Вор, плут и проходимец Славка обладал удивительным природным обаянием и редкостным жизнелюбием, которые ему помогали как обводить вокруг пальца людей, так и удачно жениться на девушке из хорошей семьи  Вике, которая была ему предана, как декабристка, храня верность и имущество, нанимая адвокатов, чтобы вызволять его из тюрем. С возрастом Славка облагородился, стал заядлым путешественником  и приверженцем здорового образа жизни. В Варкалу его потянуло в надежде омолодиться , подтянуться и набраться сил благодаря живительной аюрведе. « Ну, ее Виагру, эту! Вот аюрведа, это да!»-  как всякий проходимец, Славка свято верил в чудеса.
   Бабу его сразу почуял и преисполнился презрительной подозрительности, ожидая от Славки явных и неявных неприятностей, стараясь всячески оградить от него меня. Как считал Бабу, открыть мне на него глаза.
-  Мэм! Этот человек, что?! Идиот?! – как-то спросил меня утром Бабу с несвойственной ему резкостью.
- Что произошло, Бабу?!
- Он вечно ходит с этой сумкой, даже, когда в трусах! А сегодня утром он оставил свою сумку в камнях и ушел! Мэм!  Там у него были все его деньги – тысячи долларов! – Бабу в ужасе округлил глаза, так что они стали совсем белыми, а лицо его позеленело, насколько это могло произойти с совсем черным тамилом. Я закатилась в приступе смеха.
- Ну, надо же! Проходимец Славка, которого не способен надуть ни один другой вор на свете , ни один продавец на рынке ни на один грамм обвесить, оставляет весь свой  наличный капитал на камне и уходит в одних трусах! Ха-ха-ха!  - заливалась я под изумленными взглядами совсем потерявшего голову Бабу.
 - Мэм! Вот его сумка! Передайте ему и скажите, что глупо и опасно носить все свои деньги в трусах! Он очень странный, я бы сказал опасный человек!Берегитесь его! – опять почернел Бабу.
Я отдала сумку схватившемуся за голову Славке – Катиш! Я теперь тебе благодарен по гроб  жизни!  Здесь все наши деньги! И подруги тоже! Не знаю, что на меня нашло! Солнце все памороки забило!  Веришь?!
- Это Индия, Славка! Здесь с людьми происходят невероятные вещи! Она, эта Индия,  пробует каждого на зубок  и проявляет человека, как лакмусовая бумажка или рентген! Здесь все хорошее становится лучше, а все плохое еще ужаснее! Все становится явным, расставляется на свои места, выявляет свои свойства! От нее не скроешься, от этой Индии!

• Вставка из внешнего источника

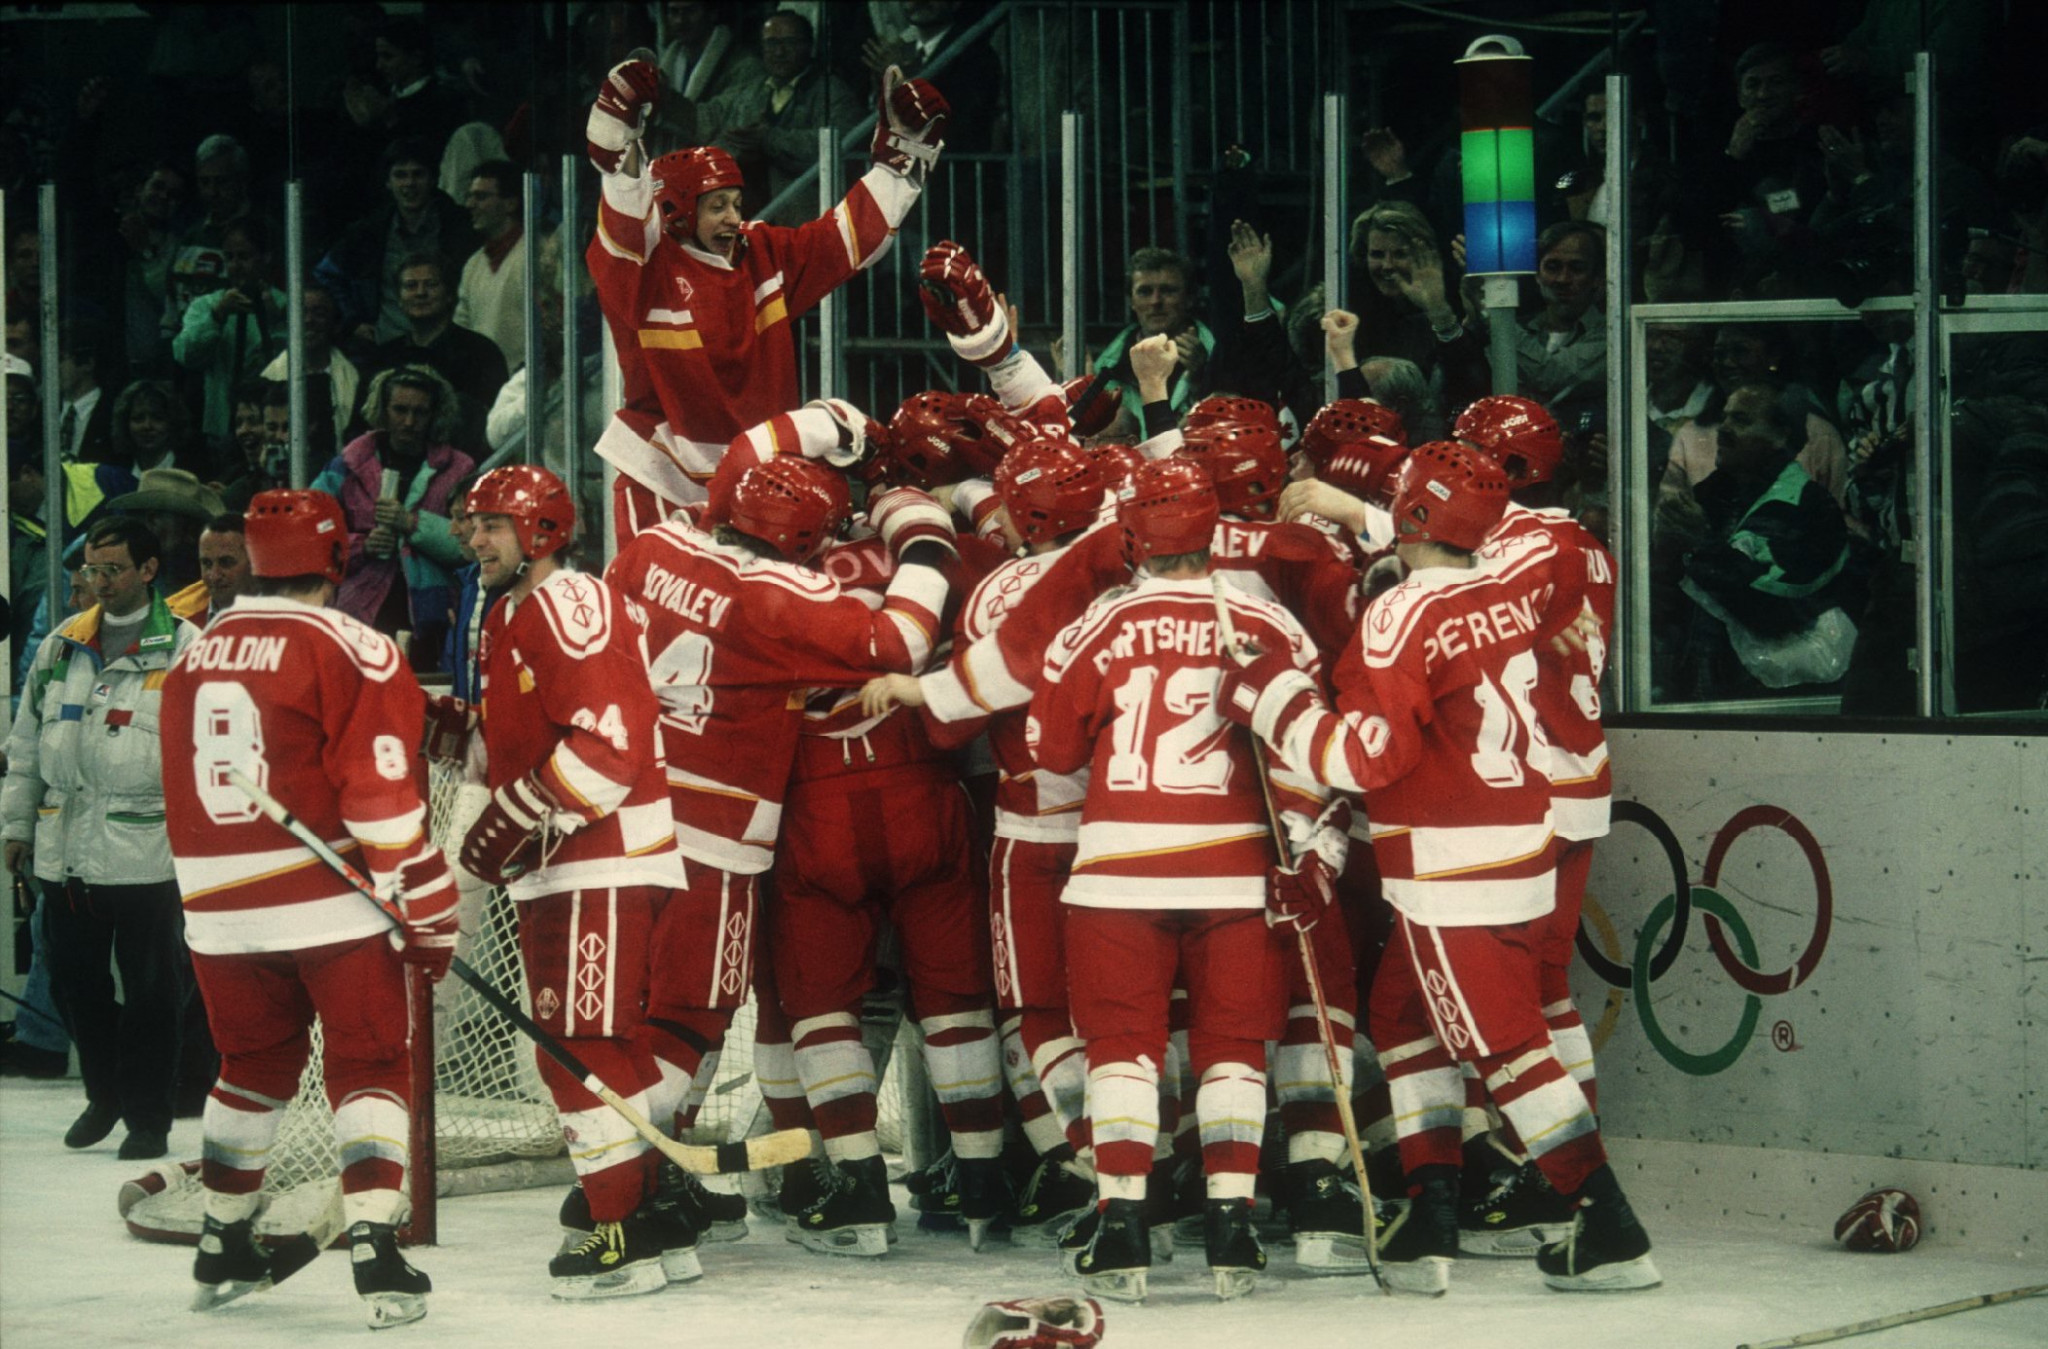 The Unified Team, composed of players from the former Soviet Union states, beat Canada 3-1 to claim the Olympic gold medal at Albertville 1992 ©Getty Images
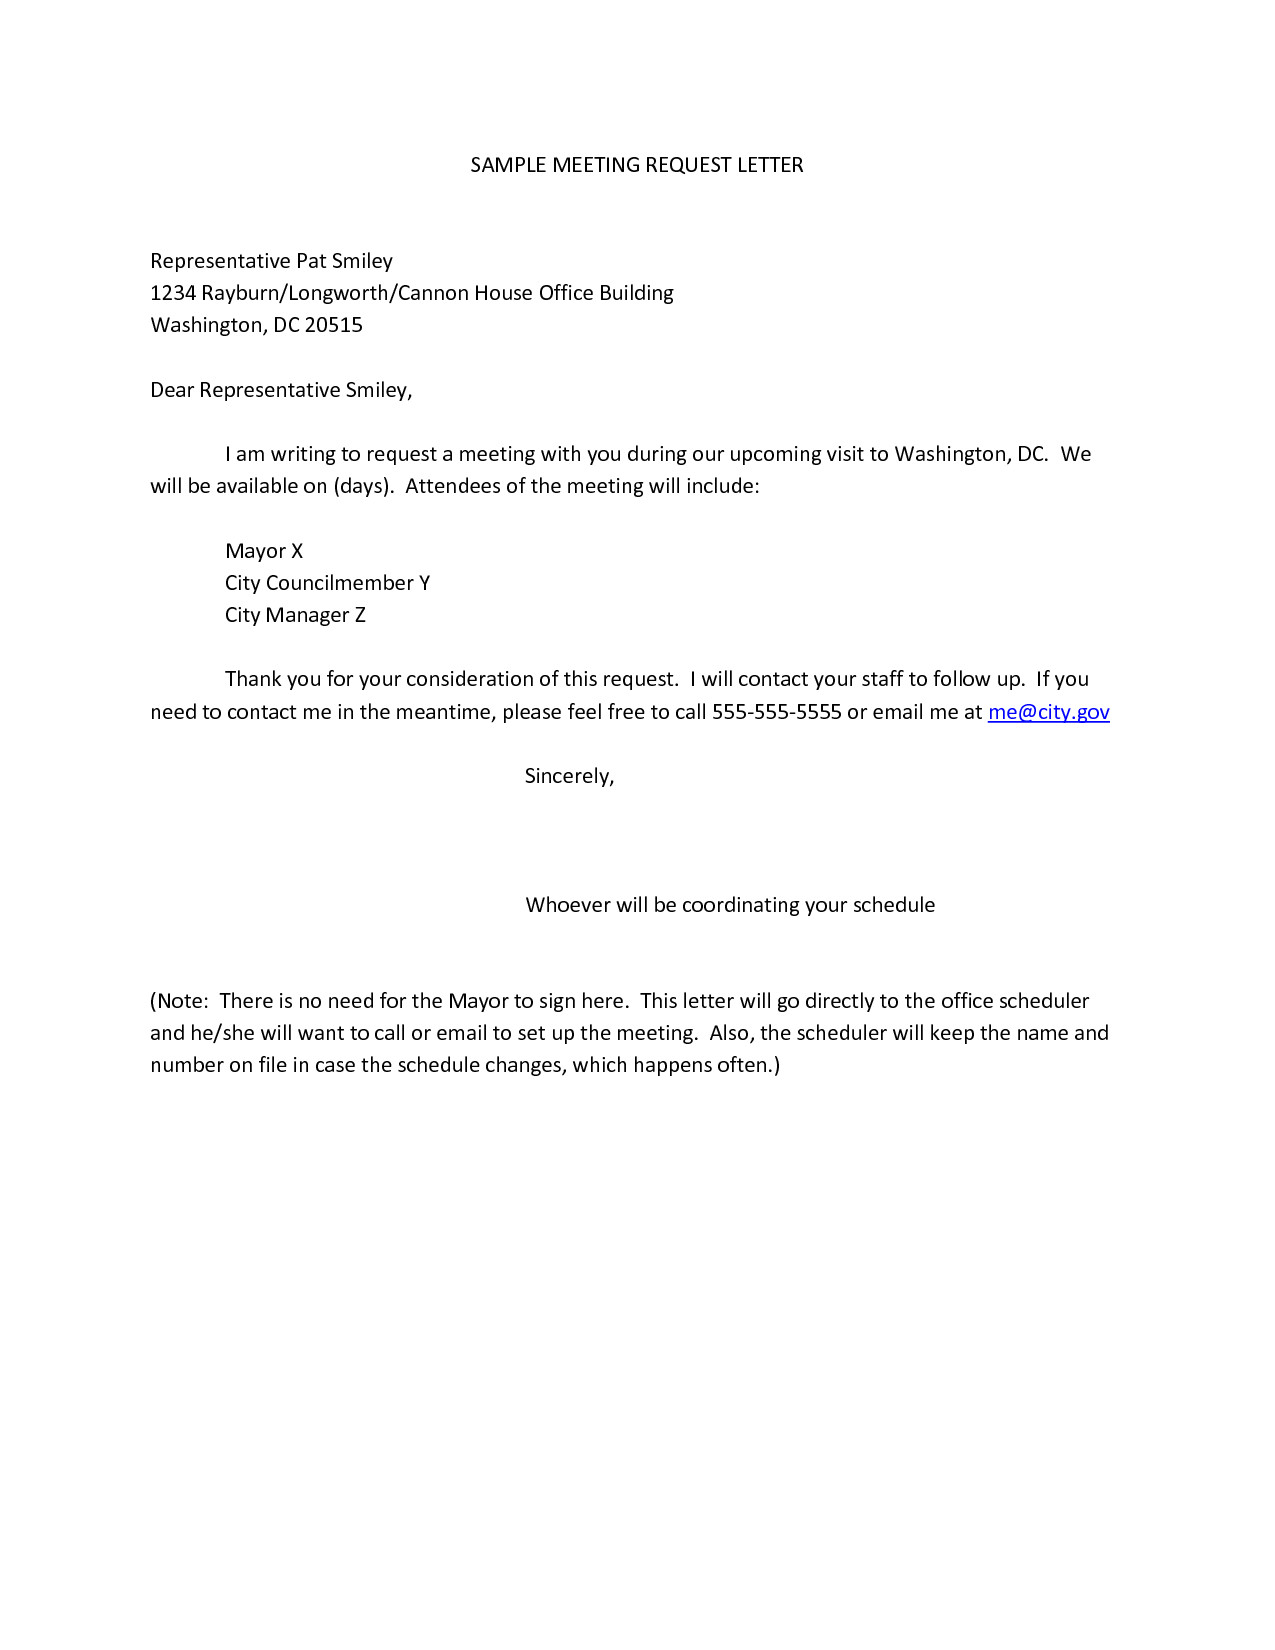 sample letter to request a meeting with a manager

- Да, ты что-о-о! Катиш! – попятился от меня Славка. – Да,я бы в жизнь сюда не поехал, если бы знал, в твою гребаную Индию! – и скрылся. Мы долго потом не видели Славку и его дам. Они катались на лодке по Бэк вотерс и ездили в Каньякумари, выполняя намеченную программу. Но как-то Славка явился на закате, когда Влада в своих рюшевых штанишках сновала по траве перед бунгало, разучивая  « Маленькую торжественную мессу» Россини, которую она собиралась исполнить  в руководимом Сеней хоре, где он поставил ее петь басом вместе с мужчинами.
- У Вас, Влада, даже не низкий альт, а настоящий бас – восхитился Сеня , который в добавок  к их загадочным отношениям требовал держать дистанцию и был с ней на вы. Славка в замешательстве уставился на огромную Владу в детских штанишках , которая в наушниках громко распевала басом Gloria, не слыша себя: "Gloria in exc;lsis Deo et in terra pax hom;nibus bonae volunt;tis.Laud;mus te. Bened;cimus te. Ador;mus te."
- Катиш! Что тут у тебя творится?! – попятился он, потрясенный увиденным .  Вид и звук огромной Влады в неуместных штанишках явно претили ему.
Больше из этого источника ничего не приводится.